Abstract
Food allergy is associated with alterations in the gut microbiota, epithelial barrier, and immune tolerance. These dysfunctions are observed within the first months of life, indicating that early intervention is crucial for disease prevention. Preventive nutritional strategies with prebiotics are an attractive option, as prebiotics such as galacto-oligosaccharides and inulin can promote tolerance, epithelial barrier reinforcement, and gut microbiota modulation. Nonetheless, the ideal period for intervention remains unknown. Here, we investigated whether galacto-oligosaccharide/inulin supplementation during gestation could protect offspring from wheat allergy development in BALB/cJRj mice. We demonstrated that gestational prebiotic supplementation promoted the presence of beneficial strains in the fecal microbiota of dams during gestation and partially during mid-lactation. This specific microbiota was transferred to their offspring and maintained to adulthood. The presence of B and T regulatory immune cell subsets was also increased in the lymph nodes of offspring born from supplemented mothers, suggestive of a more tolerogenic immune environment. Indeed, antenatal prebiotic supplementation reduced the development of wheat allergy symptoms in offspring. Our study thus demonstrates that prebiotic supplementation during pregnancy induces, in the offspring, a tolerogenic environment and a microbial imprint that mitigates food allergy development.
Highlights
Food allergy (FA) is a common non-communicable disease that affects up to 10% of infants in some countries and has been increasing in prevalence over the last few decades [1]

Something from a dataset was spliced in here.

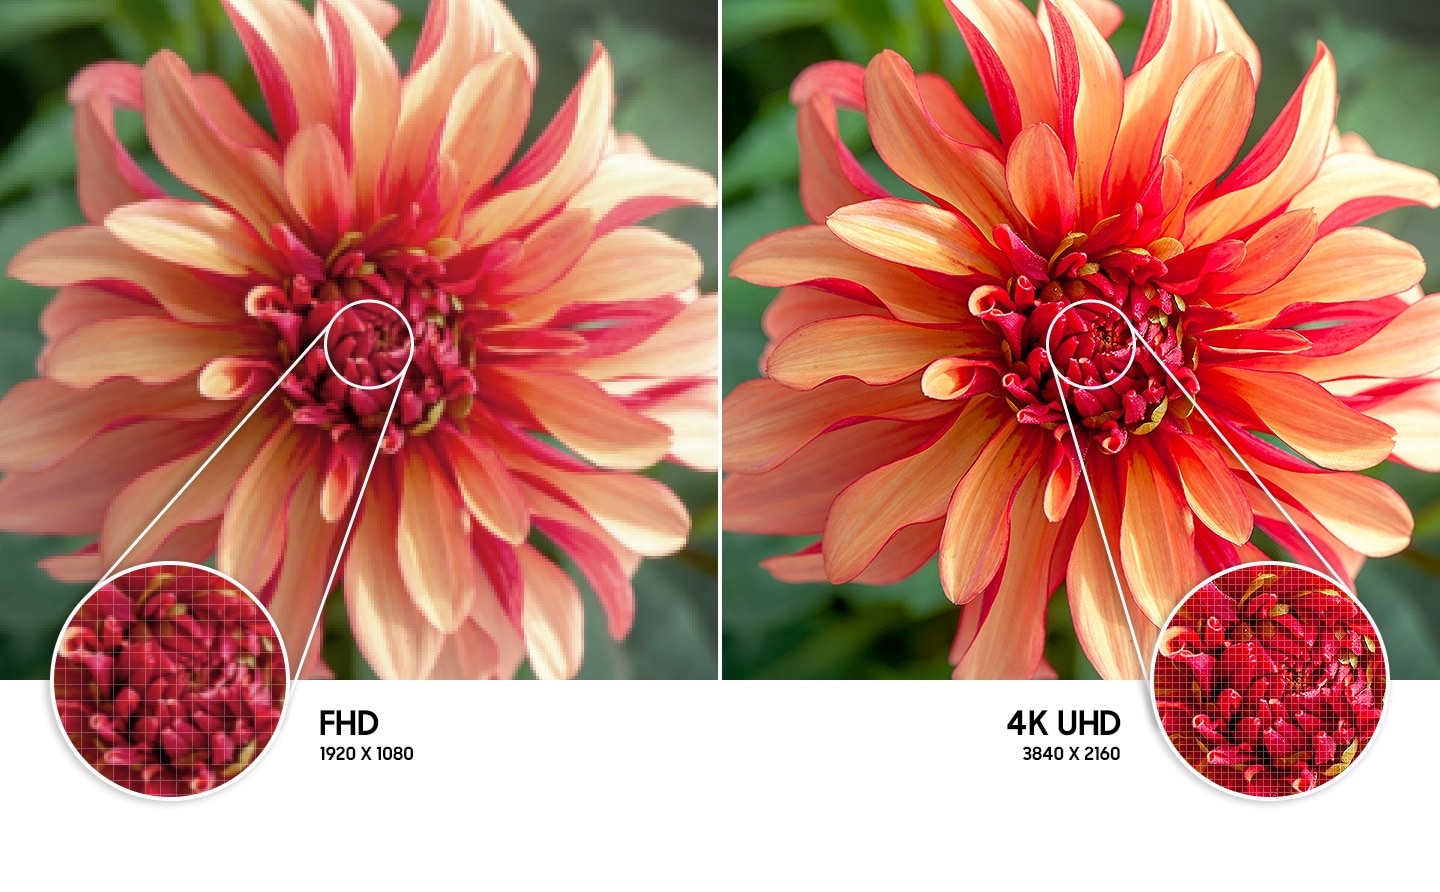 Hình ảnh bông hoa bên phải cho thấy độ phân giải hình ảnh chất lượng cao hơn được tạo ra bởi công nghệ 4K UHD so với bên trái.

To evaluate the impact of GOS/inulin supplementation on the microbiota of pregnant mice, stools were collected on day 0 before GOS/inulin supplementation (D0) and on day 18 corresponding to the end of gestation (D18P)
To evaluate the functional impact of these changes in fecal microbiota, shortchain fatty acids (SCFAs) concentrations were measured by gas chromatography
Summary
Food allergy (FA) is a common non-communicable disease that affects up to 10% of infants in some countries and has been increasing in prevalence over the last few decades [1]. FA is characterized by a failure of oral tolerance induction and by a predominantly T helper (Th) 2-skewed immune dysregulation, regulatory T cells (Treg) dysfunction, and the secretion of antigen-specific immunoglobulin (Ig) E and IgG1 [2, 3]. During allergen-specific immunotherapy, CD4+Foxp3+ Treg development is essential for the establishment of mucosal tolerance suppressing interleukin (IL)-4 production [4,5,6]. CD4+Foxp3+ Treg and CD8+Foxp3+ Treg cooperate to limit allergic symptoms via IL-10 secretion during allergen immunotherapy [7]. Regulatory B cells (Breg) regulate immune responses by suppressing effector T cells through the production of anti-inflammatory cytokines (IL-10 and TGF-b) [8]. IL-10secreting Breg decrease anaphylaxis following a challenge with cow’s milk allergens through the induction of CD4+Foxp3+ Treg [9]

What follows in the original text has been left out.